## What you have to do
Provide the number of lines of the records that include "Jona", with no other content.

## Records for the exercise

——————

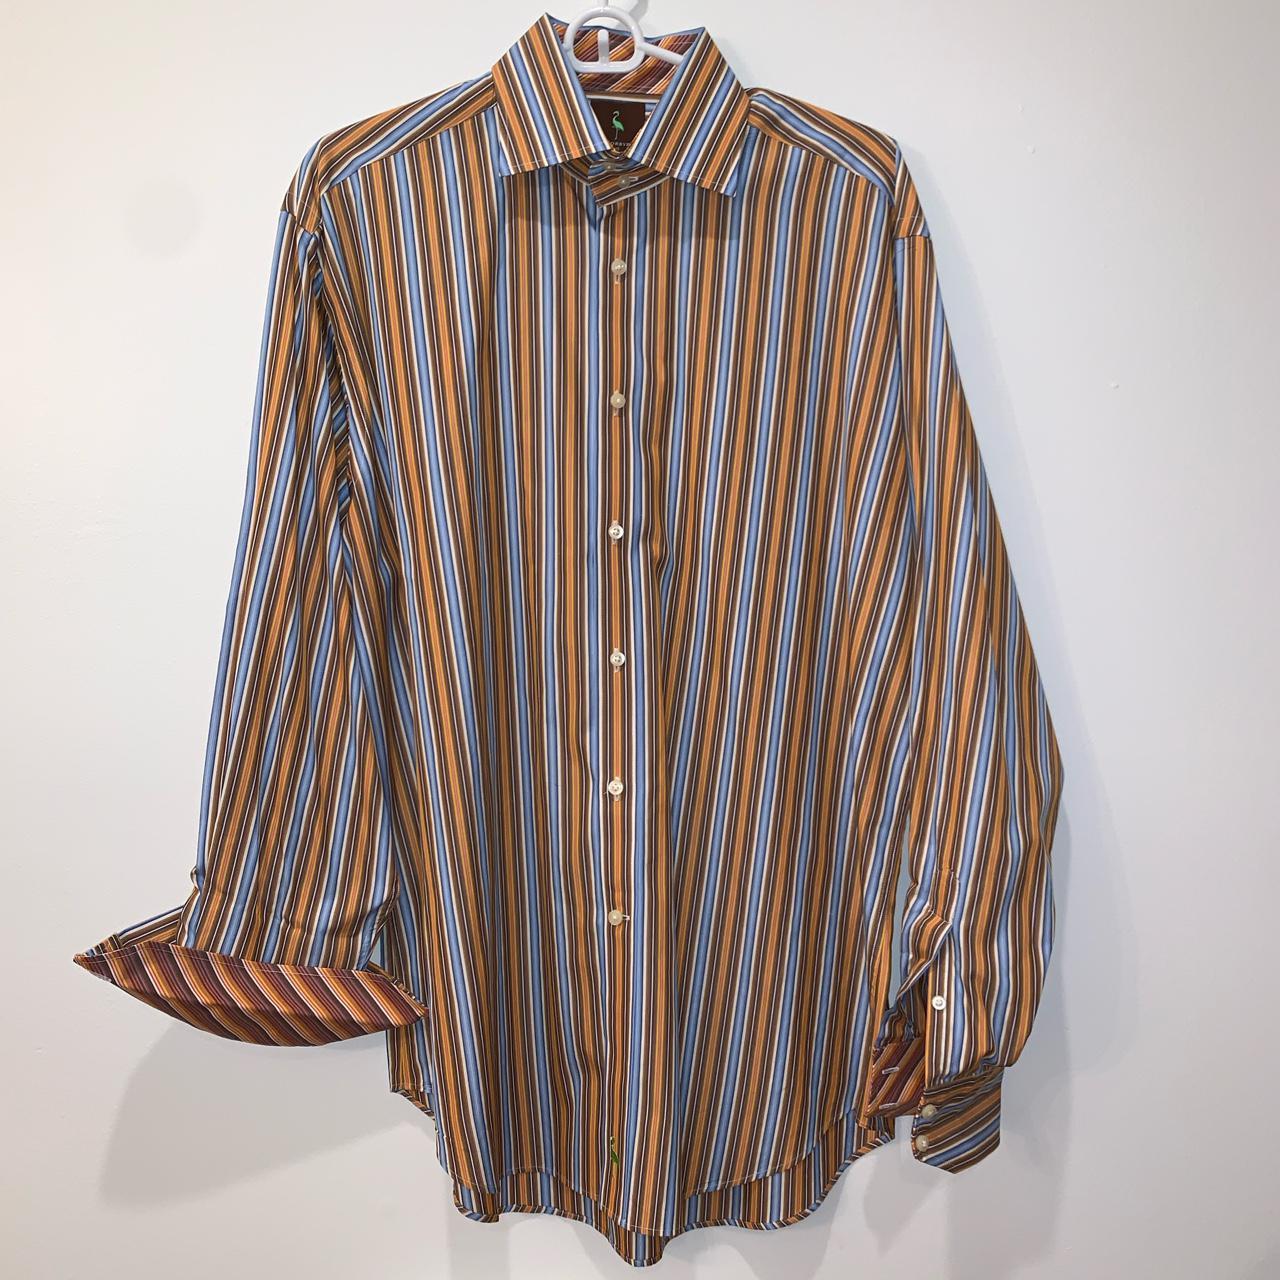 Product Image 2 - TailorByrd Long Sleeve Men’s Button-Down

——————

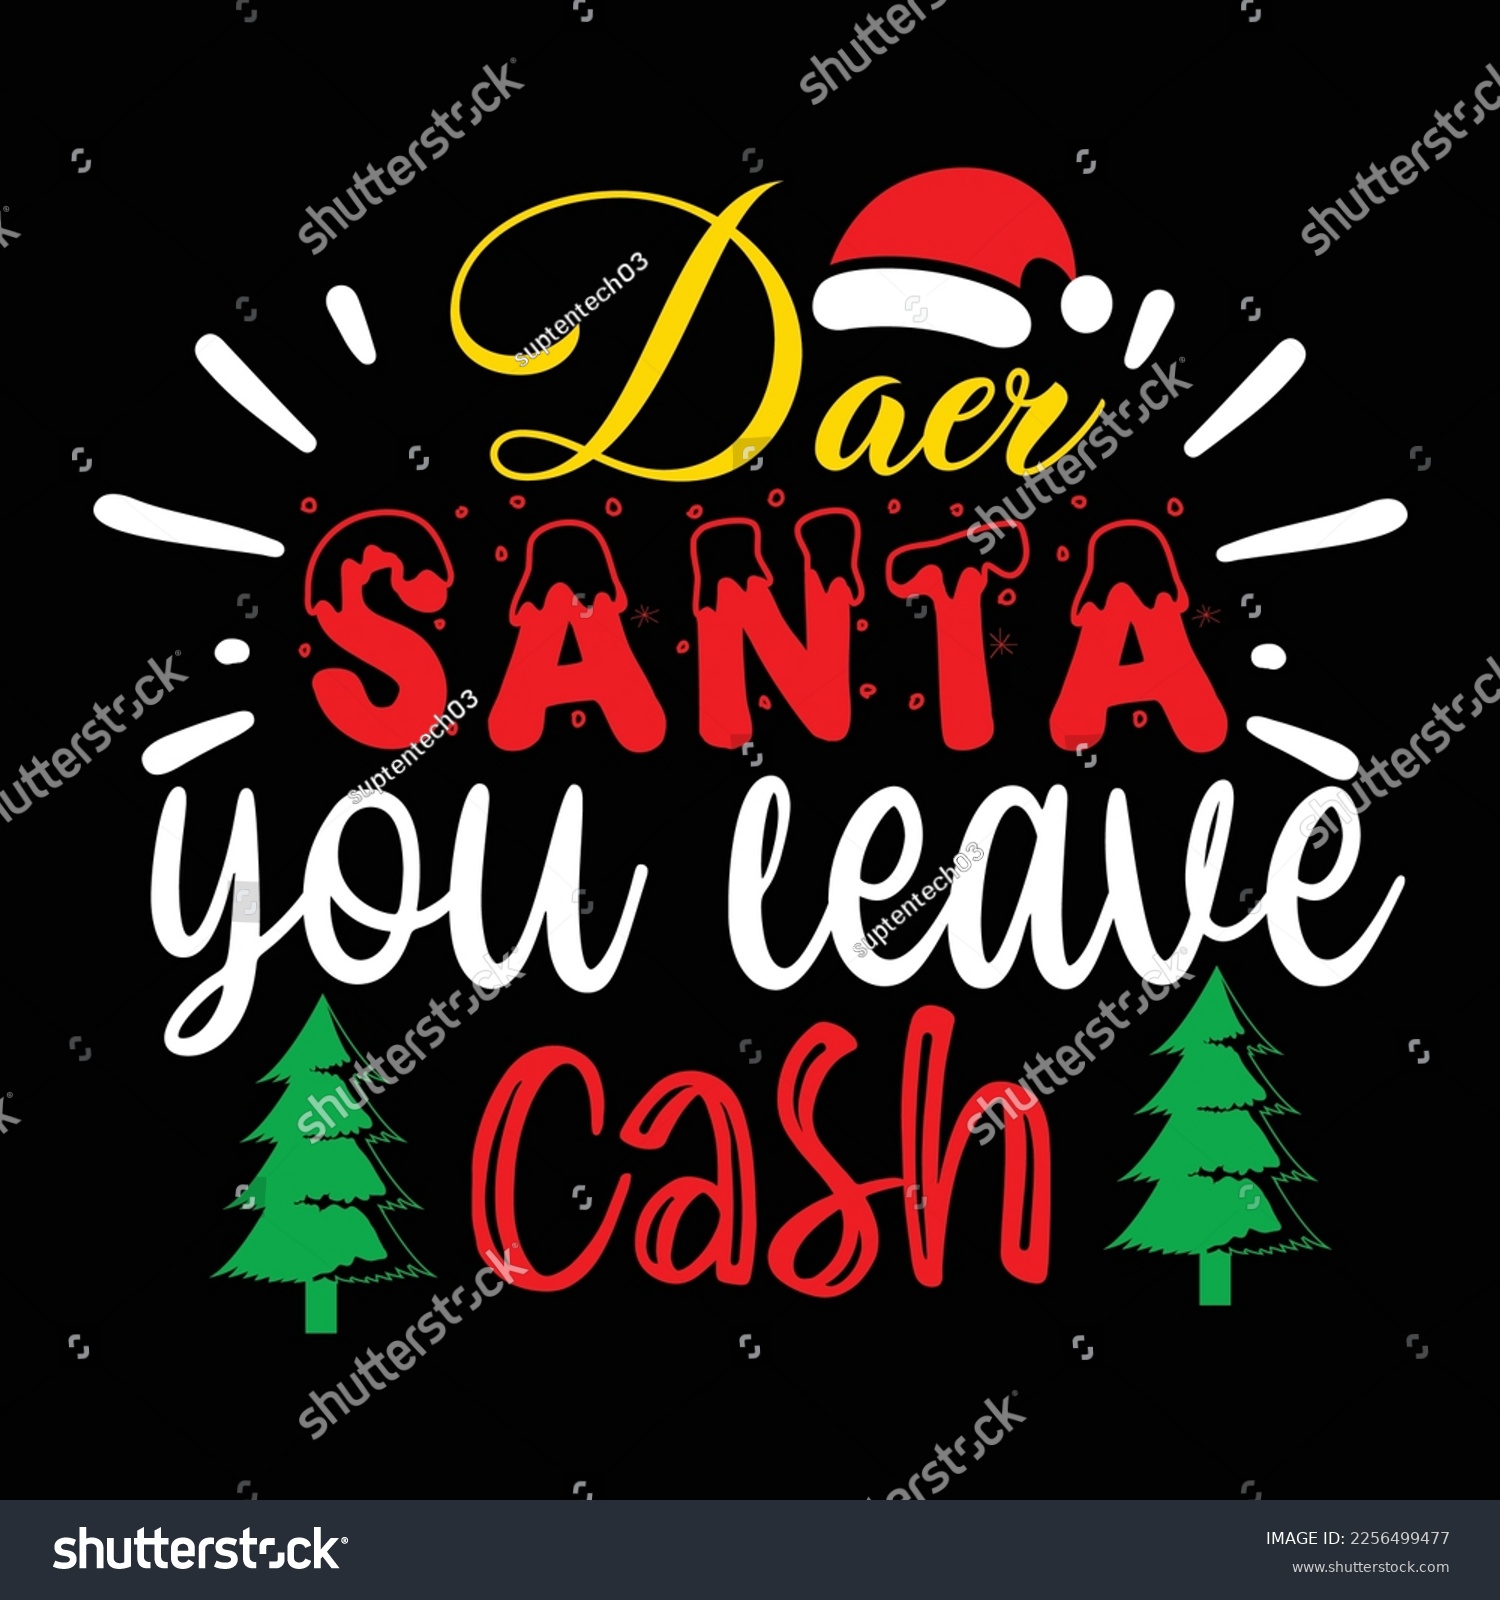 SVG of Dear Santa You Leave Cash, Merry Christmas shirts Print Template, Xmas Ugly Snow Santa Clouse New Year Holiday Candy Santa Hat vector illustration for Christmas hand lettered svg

——————

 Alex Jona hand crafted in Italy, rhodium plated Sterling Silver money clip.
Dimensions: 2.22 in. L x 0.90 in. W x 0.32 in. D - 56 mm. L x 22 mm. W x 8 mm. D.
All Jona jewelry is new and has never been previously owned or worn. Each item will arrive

——————

## Task solution
2